**Exercise**
Under this line is some data; print exactly the lines from the one containing "Scotch 3/4W Magic Tape" through its last line, without pictures.

** Opening Data excerpt block **

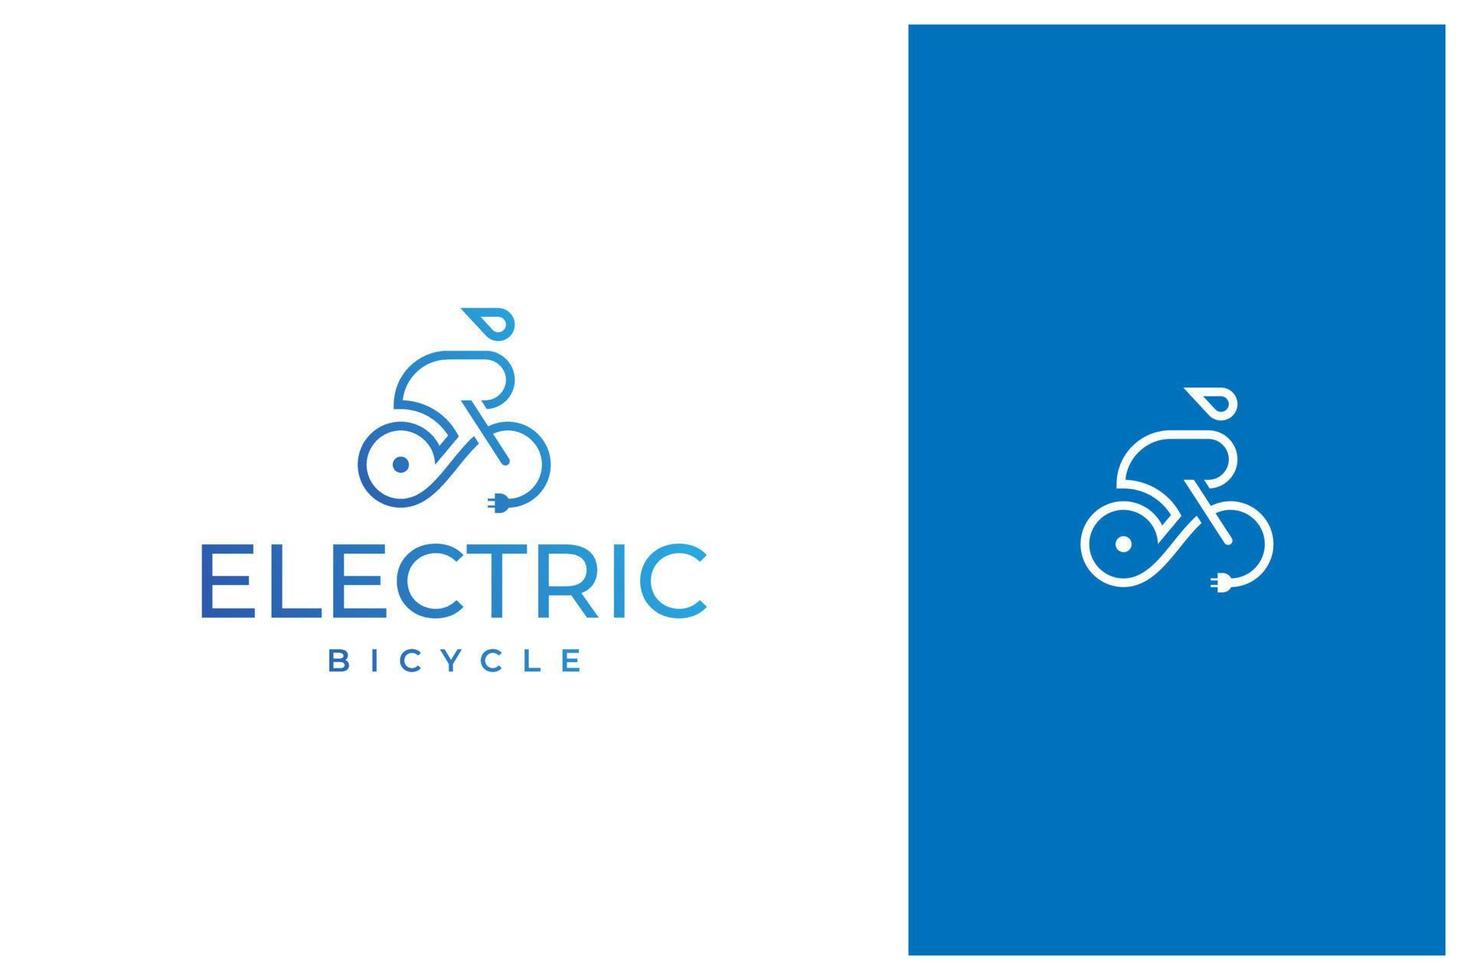 bicicleta eléctrica simple y moderna, bicicleta, diseño de logotipo de vector de bicicleta eléctrica en contorno, estilo de arte de línea
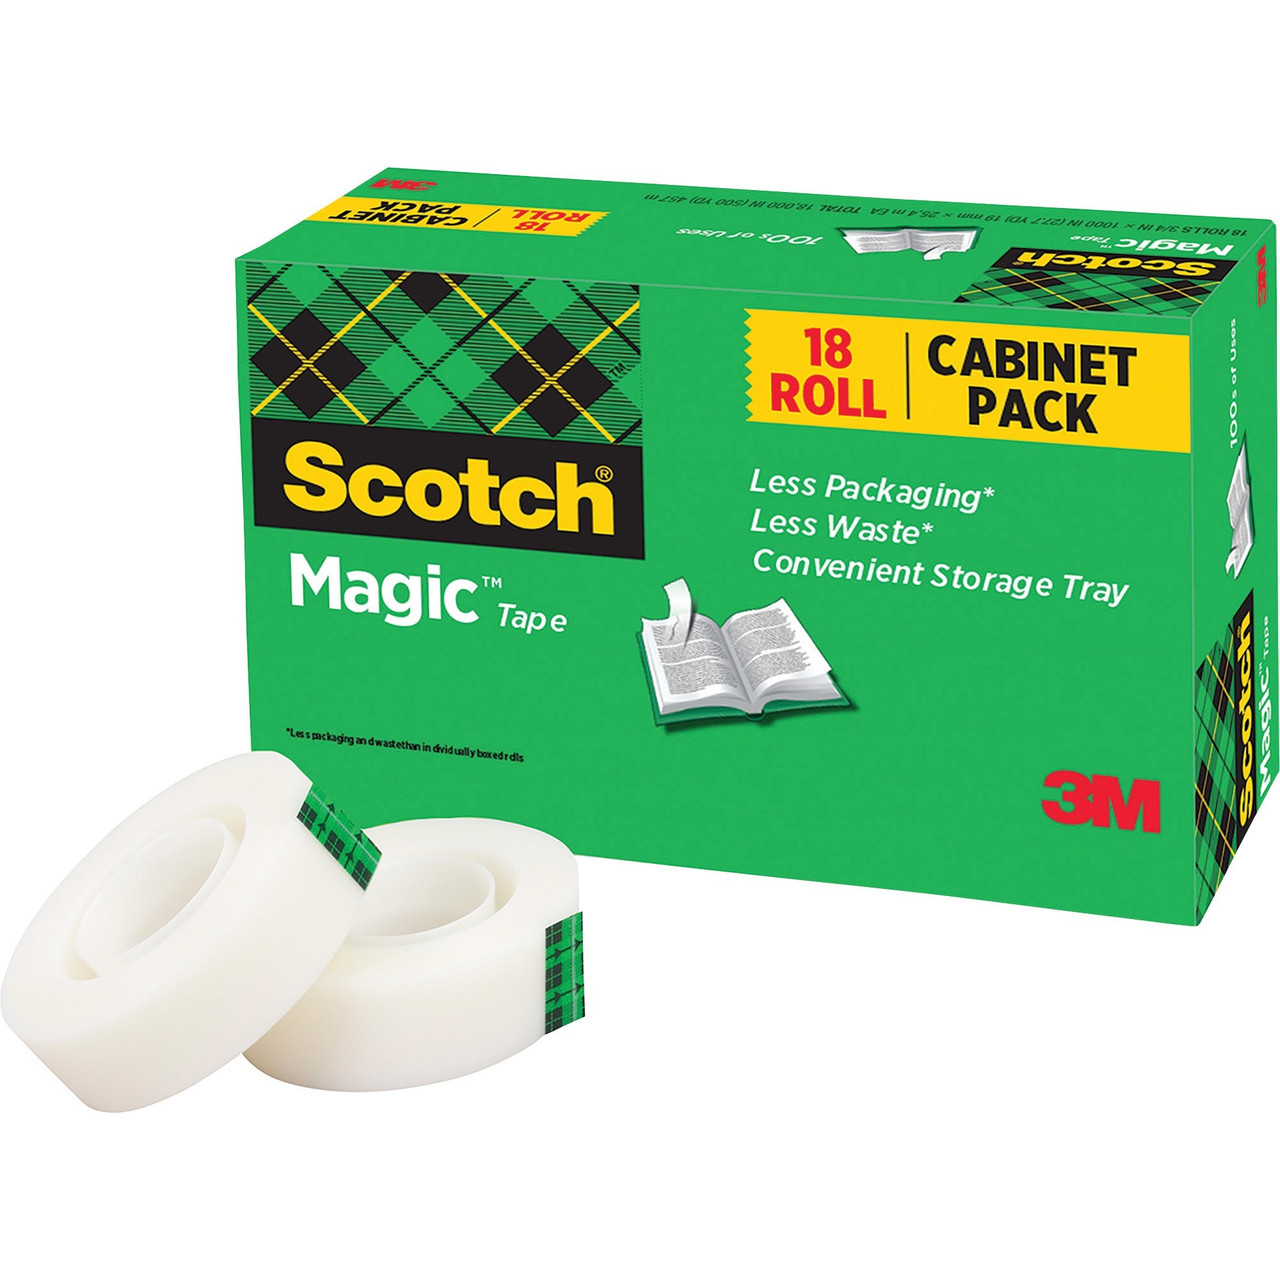 Scotch 3/4W Magic Tape
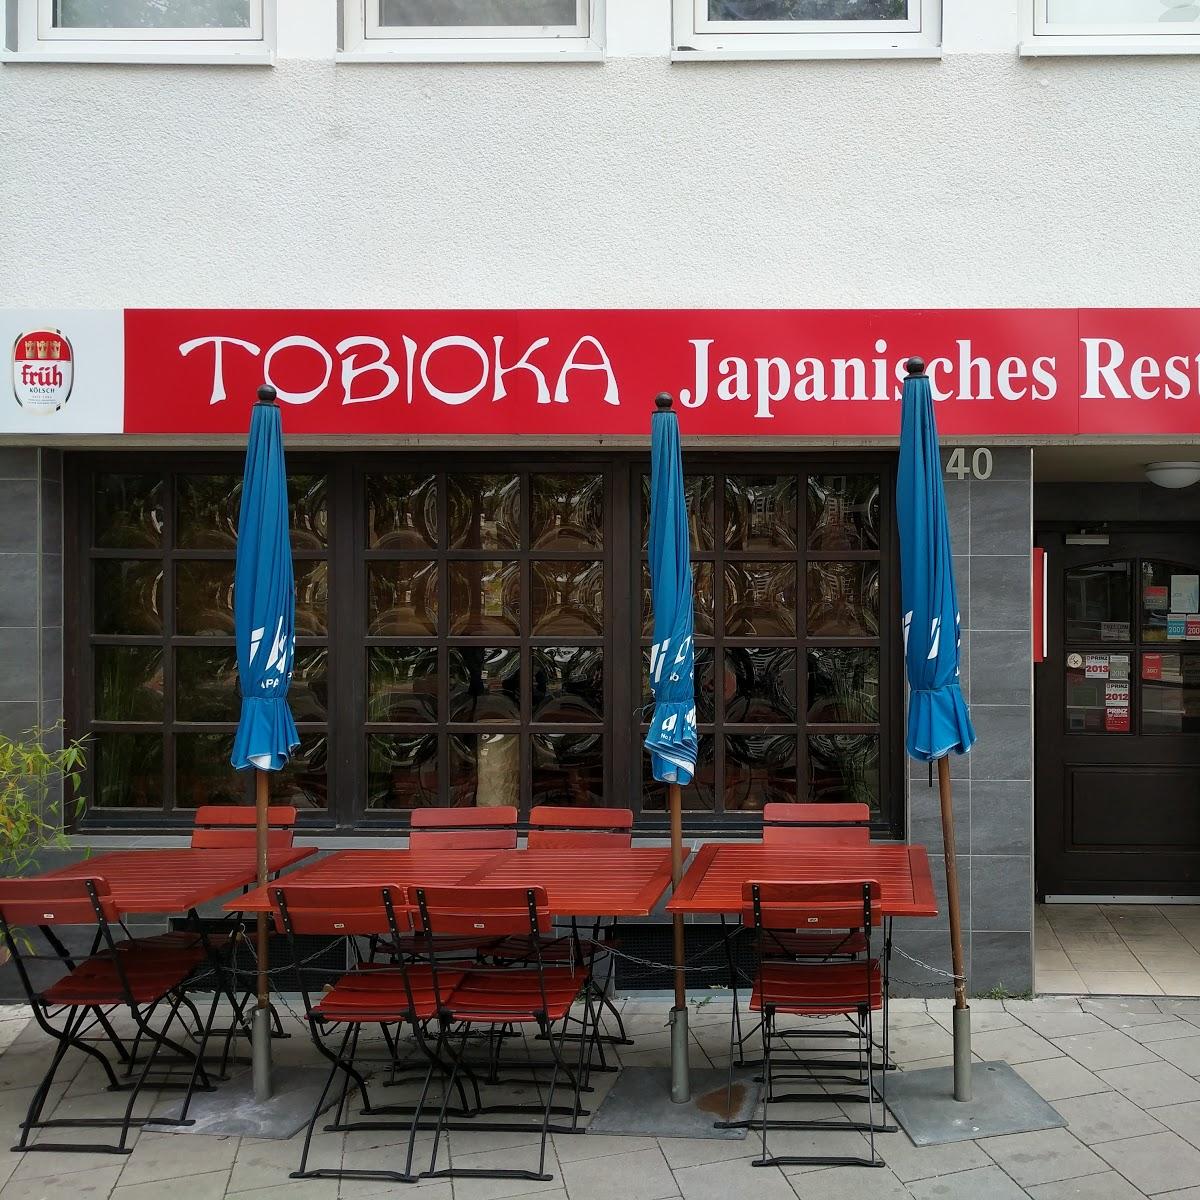 Restaurant "Tobioka" in Köln

** Closing Data excerpt block **

**Response to the task**
 Scotch 3/4W Magic Tape
 Restaurant "Tobioka" in Köln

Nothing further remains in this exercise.